DUBAI, United Arab Emirates, 10th March, 2014 – Brocade (NASDAQ: BRCD) today announced that Rackspace (NYSE: RAX), the open cloud company, has completed the deployment of Brocade Gen 5 Fibre Channel SAN solutions across its global data center network to accommodate explosive customer growth. The new Gen 5 Storage Area Network (SAN) has helped the company achieve greater density, flexibility and scale in connecting to high-performance EMC storage arrays, resulting in increased efficiency and productivity at each data center. Rackspace is a global leader in hybrid cloud computing and founder of OpenStack, the open-source operating system for the cloud. Hundreds of thousands of customers look to Rackspace to deliver the best-fit infrastructure for their IT needs, leveraging a product portfolio that allows workloads to run where they perform best—whether on the public cloud, private cloud, dedicated servers, or a combination of platforms. Last year, Rackspace also began offering a portfolio of security and network offerings based on the Brocade Vyatta vRouter software network appliance that delivers increased security, as well as network address translation and routing.

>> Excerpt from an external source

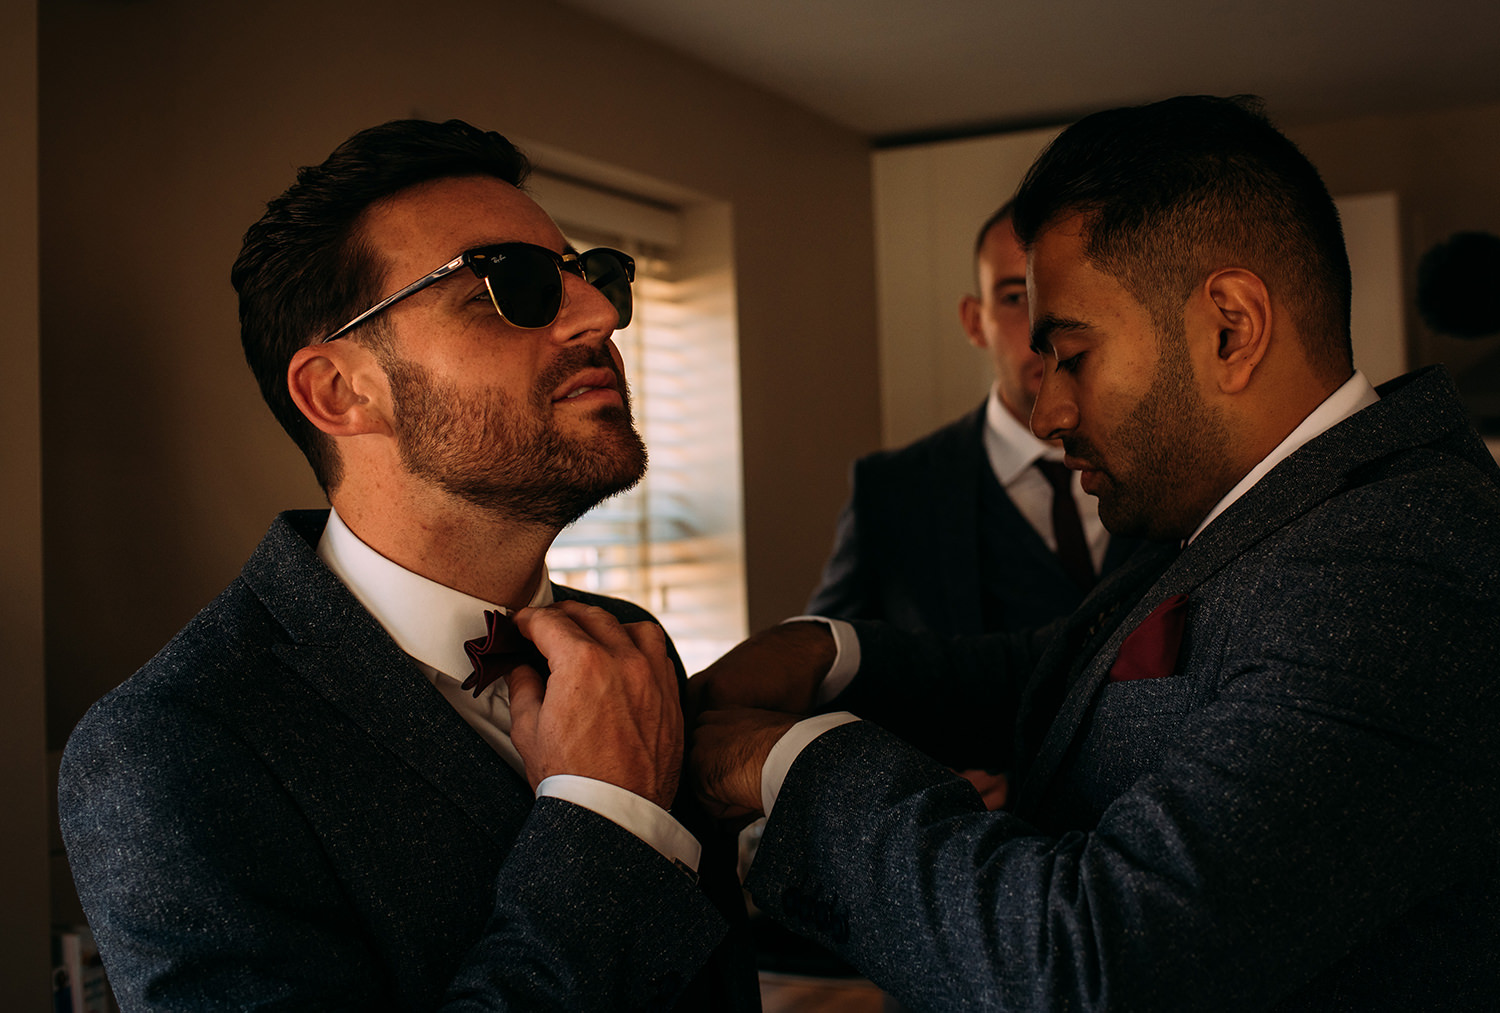  groom adjusting his tie

To facilitate the company’s move to a campus-style data center model, Brocade Gen 5 Fibre Channel director-class switches were deployed to allow Rackspace to simplify their SAN infrastructure and create a denser environment that enables more ports per square foot of data center space, which has improved efficiency and productivity at each location. Brocade Gen 5 Fibre Channel SAN switches are now deployed in eight of Rackspace’s data centers across three continents as a foundation to connect EMC storage and Dell servers to their customer’s remote IT environments.

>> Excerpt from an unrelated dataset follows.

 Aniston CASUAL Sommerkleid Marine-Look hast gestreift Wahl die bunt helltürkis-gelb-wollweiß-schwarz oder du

“Rapid customer growth and their changing needs for supporting highly virtualized environments required an upgrade to our global SAN infrastructure,” said Sean Wedige, CTO, Enterprise Solutions, at Rackspace. “We worked with Brocade and EMC Corporation to design a SAN fabric that was easy to grow and manage, while providing the flexibility to allow our data center technicians to connect any device to any switch in the fabric. In addition to improved reliability and availability, the new Brocade SAN fabric has allowed us to use less space and power, supporting our green initiatives, while allowing us better utilization of our physical facilities.”
In Rackspace’s legacy SAN, directors were used to connect to server hosts with smaller fixed-port switches connected to storage to save director ports. This architecture resulted in a stove pipe effect where servers and storage needed to be located within the same area of a data center, creating challenges when adding and connecting additional storage and new servers to meet unplanned customer growth. In addition, it fostered unbalanced data center growth and created islands of unused storage and SAN ports.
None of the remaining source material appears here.